Passive immunization of mice with H12E1 mAb protects against heterologous parasite challenge in vivo

Passive immunization experiments were performed in mice to assess the in vivo growth neutralizing ability of H12E1. In two different experiments, mice were challenged with P. yoelii 17XL or P. berghei strain ANKA and injected with purified IgG on the same day. The protective effect of H12E1 was assessed by measuring the effect of injected antibody on the parasitemia and comparing that with the pre-immune IgGs injected controls. Results obtained for two different species of mouse malarial parasites are shown in Fig. 5. In P. yoelii challenged group, passive infusion of H12E1 clearly attenuated parasitemia in experimental animals compared to the controls (Fig. 5a). The rise in parasitemia was delayed and remained low (~ 15%) in H12E1 injected mice for the first 10 days, while the parasitemia in the control mice shot up to ≥ 60%.

Fig. 5
figure 5

Effect of passive immunization with H12E1 mAb on parasitemia in Plasmodium yoelii 17XL (or Plasmodium berghei ANKA) infected mice. a Mice (n = 5) were administered with 0.75 mg/100 µl H12E1 (experimental) or pre-immune IgGs intravenously. All mice were challenged with ~ 1 × 105 P. yoelii 17 XL pRBCs. Mean % parasitemia for the two groups of animals is shown with post challenge days. b Two groups of mice (n = 5 animals) were administered with 1 mg/100 µl H12E1 (experimental) or pre-immune IgGs (control). All mice were challenged with ~ 105 P. berghei ANKA pRBCs. Passive transfer of H12E1 in infected mice resulted in significant reduction in rise of parasitemia in experimental group as compared to control group (**p < 0.01; ***p < 0.001)

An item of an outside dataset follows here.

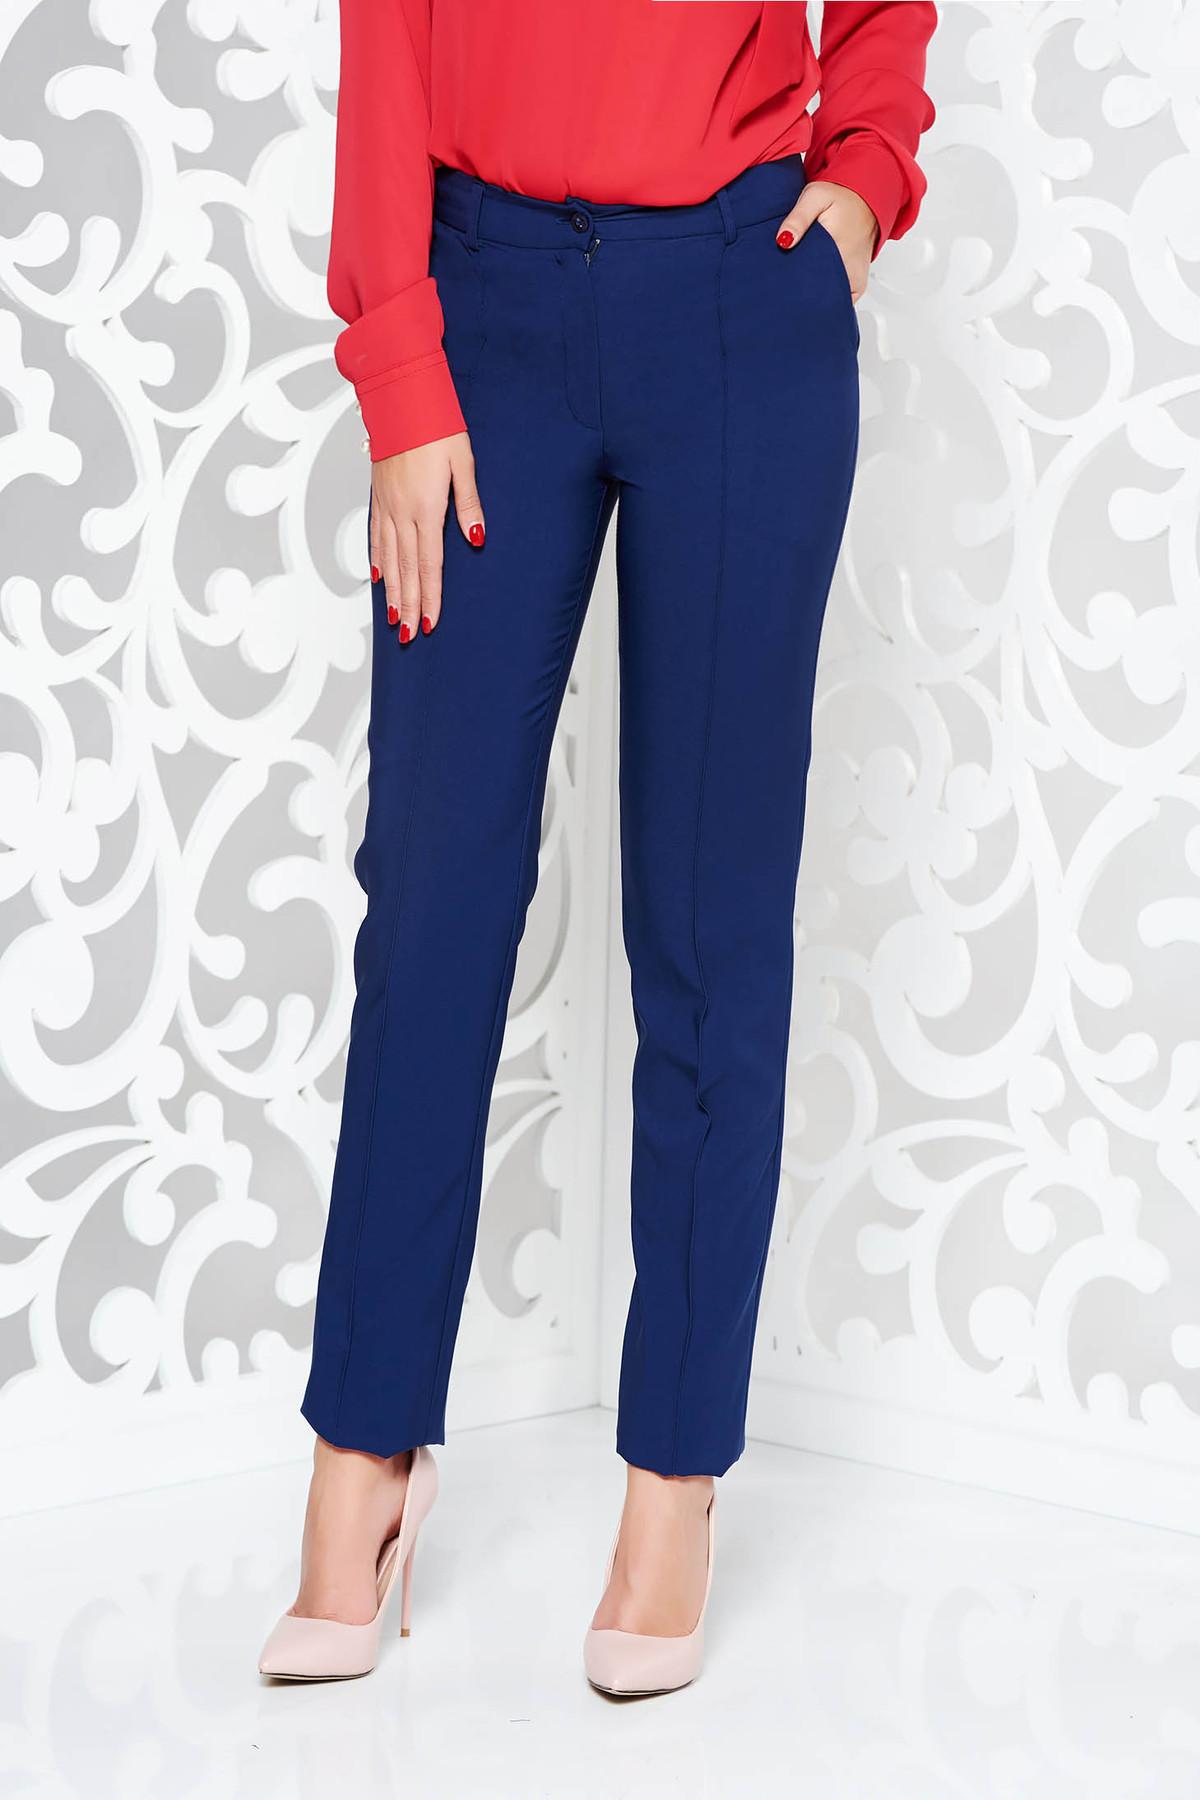 Pantaloni LaDonna albastri-inchis office conici din stofa usor elastica cu talie medie si buzunare

Similar results were obtained in the experiment where P. berghei strain ANKA was used as the infective agent (Fig. 5b). In this case also % parasitemia rose rapidly in controls reaching to > 50% by 10th day while in the experimental group, it was curtailed to < 15%. Statistical comparison of the experimental group with the control showed significant reduction in % parasitemia. For the duration that mAb remained in the system, parasitemia too remained under control. These experiments provided an effective way to test the in vivo protective potential of the antibody for parasite neutralization as have been done earlier [17, 41].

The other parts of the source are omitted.